Note that the number of iterations or perplexity can be set when creating the `TextureTsne` object
but in the example the defaults are used.

Assuming *mnist* [#]_ is a dictionary containg numpy arrays the following code
will produce an embedding:

.. code-block:: python

    tsne = nptsne.TextureTsne(True)  # True triggers verbose output
    embed = tsne.fit_transform(mnist["data"])
    print(embed.shape)
    embed = embed.reshape(70000, 2)

.. [#] *mnist* in this example is the well-known `handwritten digits data <http://yann.lecun.com/exdb/mnist/>`_.

1. Creating an extended t-SNE embedding
---------------------------------------

The class :py:class:`nptsne.TextureTsneExtended` add flexibility to the API in :py:class:`nptsne.TextureTsne`.
It permits running a number of iterations, examine the embedding,
then running more embeddings. Force exaggeration decay (refer to the t-SNE GPU paper [NP2019]_)
can be triggered a suitable point. If force exaggeration is maintained the resulting
clusters will more closely resemble a *umap* plot. For a related effect see the :ref:`umap-tsne-label`.

The code shown here is adapted from |TTEdemo_github_url| testtextureextended.py and
the API is documented at :py:class:`nptsne.TextureTsneExtended`

.. code-block:: python

    tsne = nptsne.TextureTsneExtended(False)
    tsne.init_transform(mnist["data"])
    for i in range(20):
        # reduce the forces from iteration 1000
        if i == 10:
            tsne.start_exaggeration_decay()
        embedding = tsne.run_transform(verbose=False, iterations=100)
    tsne.close()

A user-friendly way to explore :py:class:`nptsne.TextureTsne` and :py:class:`nptsne.TextureTsneExtended`
is to use Jupyter notebooks with the |TNotebook_github_url|.

HSNE tips
=========

HSNE is designed for visual analyis of large multidimensional data. An HSNE visual analytics session typically
follows a number of steps:

1. Create a multi-scale *HSNE* hierarchy
2. Display an embedding [#]_ based on all the landmarks [#]_ in the topmost scale
3. Interact with clusters in the embedding to make sub-selections of landmarks.
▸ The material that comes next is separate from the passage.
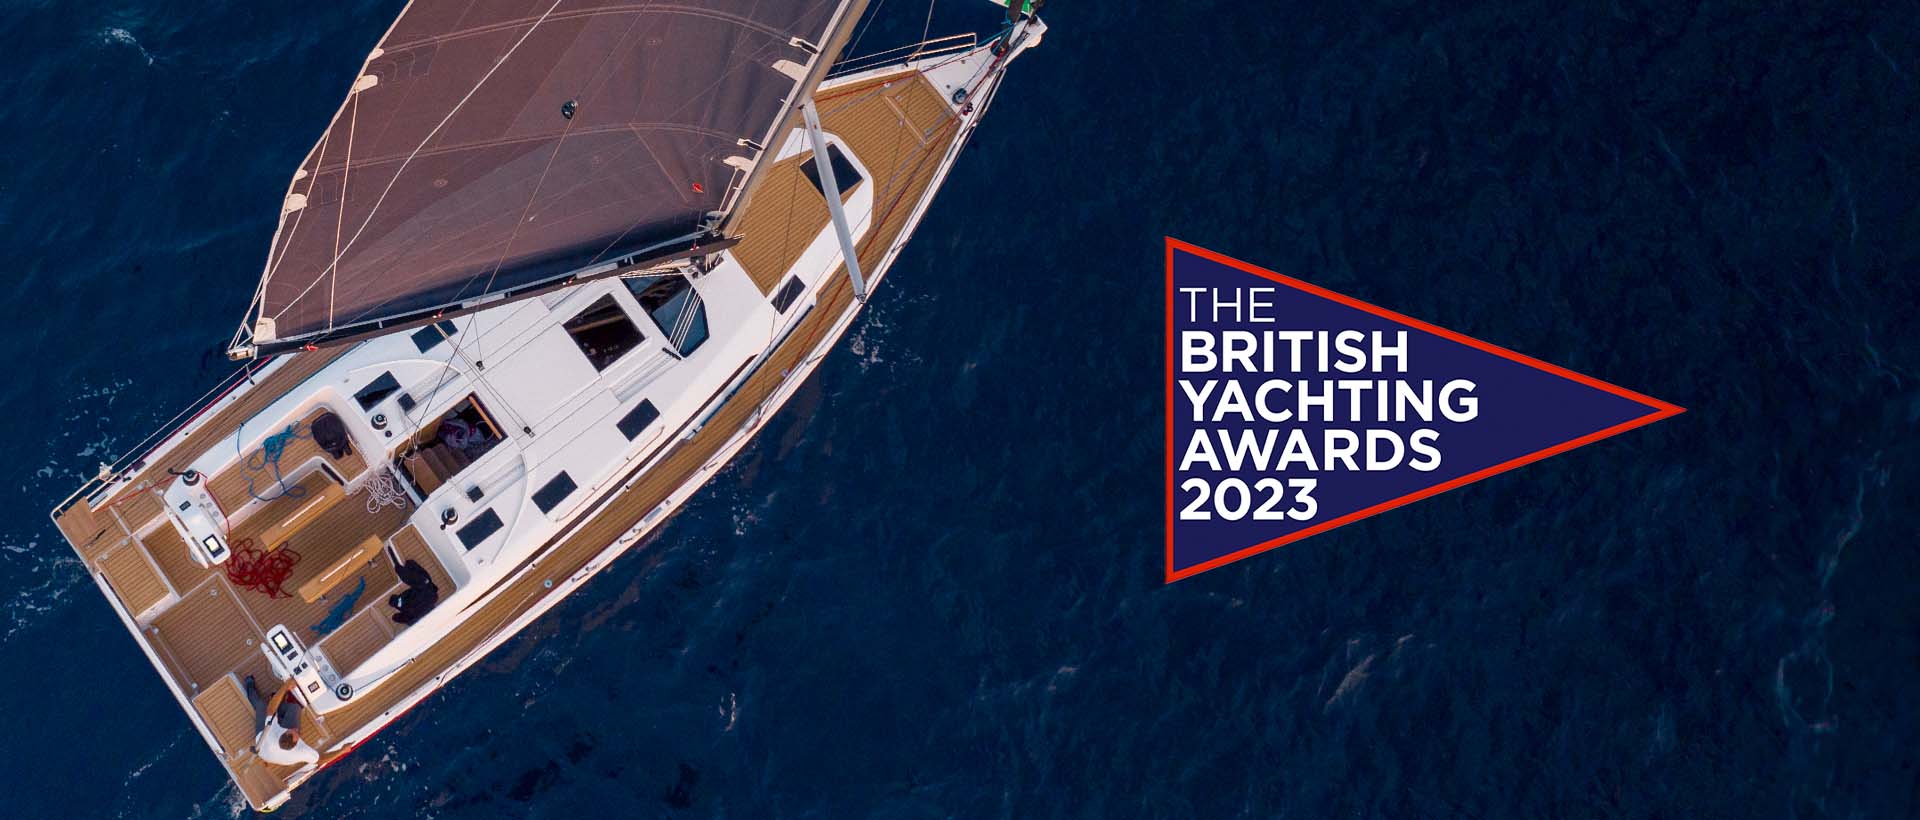 Elan Impression 43 won the British Yachting Award Nomination

    a) Handle landmark selections by displaying the *Area of Interest*
    corresponding to the landmark (how this is done this is application dependent).

4. Choose a selection to create a lower scale analysis with :py:class:`nptsne.hsne_analysis.Analysis`
5. Display an embedding based on that *Analysis*. Continue with step 3.
6. Repeat steps 3., 4, and 5. to create a tree of analysis and corresponding visualizations.
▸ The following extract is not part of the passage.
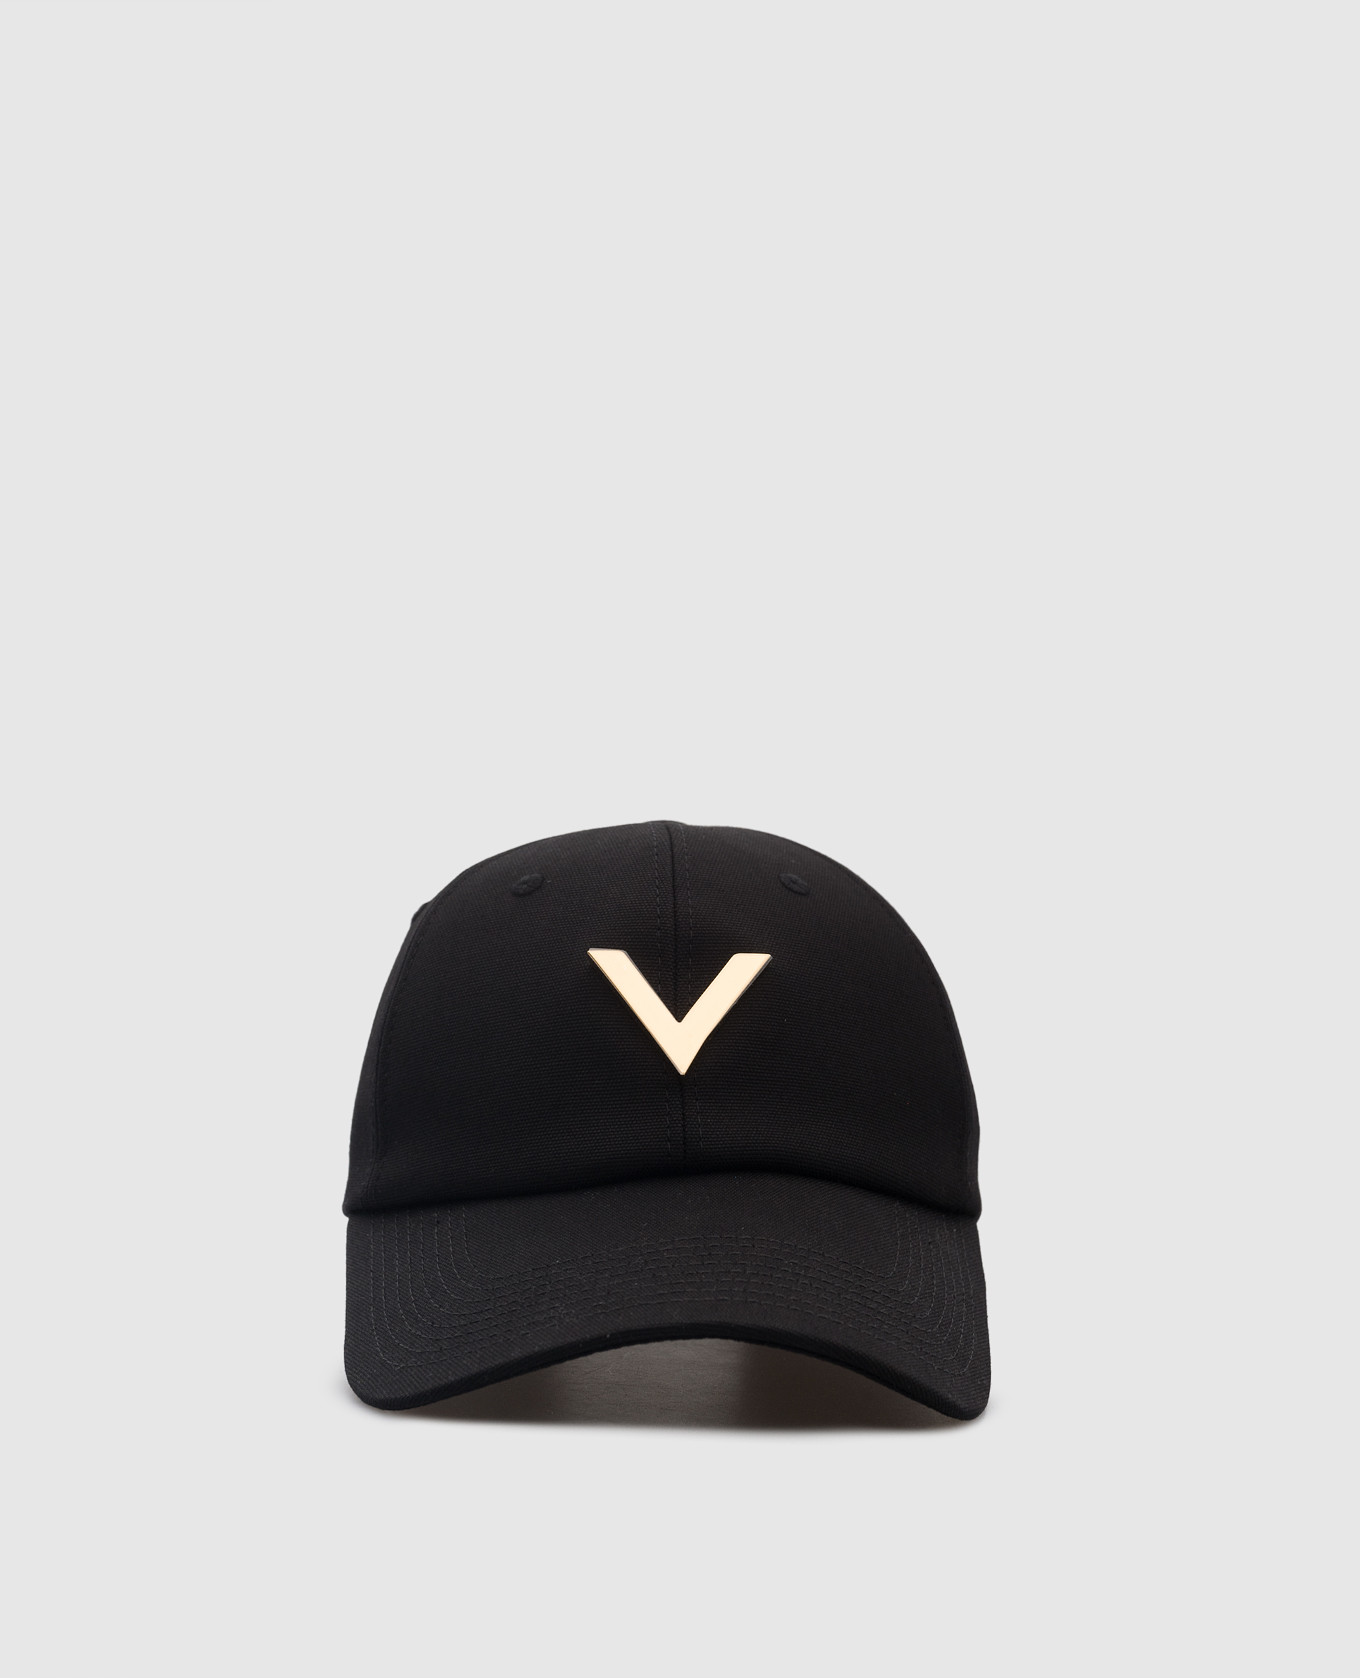 Black cap with metal V logo

.. [#] The examples use *t-SNE* embeddings
.. [#] An *HSNE* landmark at scale n is defined to be a datapoint representing a number of neighbouring (as defined by the chosen metric) points at scale n-1

Support for HSNE based visual analytics in nptsne
-------------------------------------------------

The submodule :py:mod:`nptsne.hsne_analysis` contains classes to assist in the creation
and navigation of a hierarchy of analyses:

- :py:class:`nptsne.hsne_analysis.Analysis` - a selection of landmarks at one *HSNE* scale under examination
- :py:class:`nptsne.hsne_analysis.AnalysisModel` - a hierarchy of landmark selections (:py:class:`nptsne.hsne_analysis.Analysis`) representing the totality of a visual analytics session
- :py:class:`nptsne.hsne_analysis.AnalysisContainer` - a container type used by `nptsne.hsne_analysis.AnalysisModel` to hold :py:class:`nptsne.hsne_analysis.Analysis`


The nptsne embedded support for visual analytics is limited to data management but examples of how visualization 
can be done (using matplotlib and PyQt5) can be found in the demos.
The :py:mod:`nptsne.hsne_analysis` system forms the core of both the |HSNEdemo_github_url| and the |EXHSNEdemo_github_url|.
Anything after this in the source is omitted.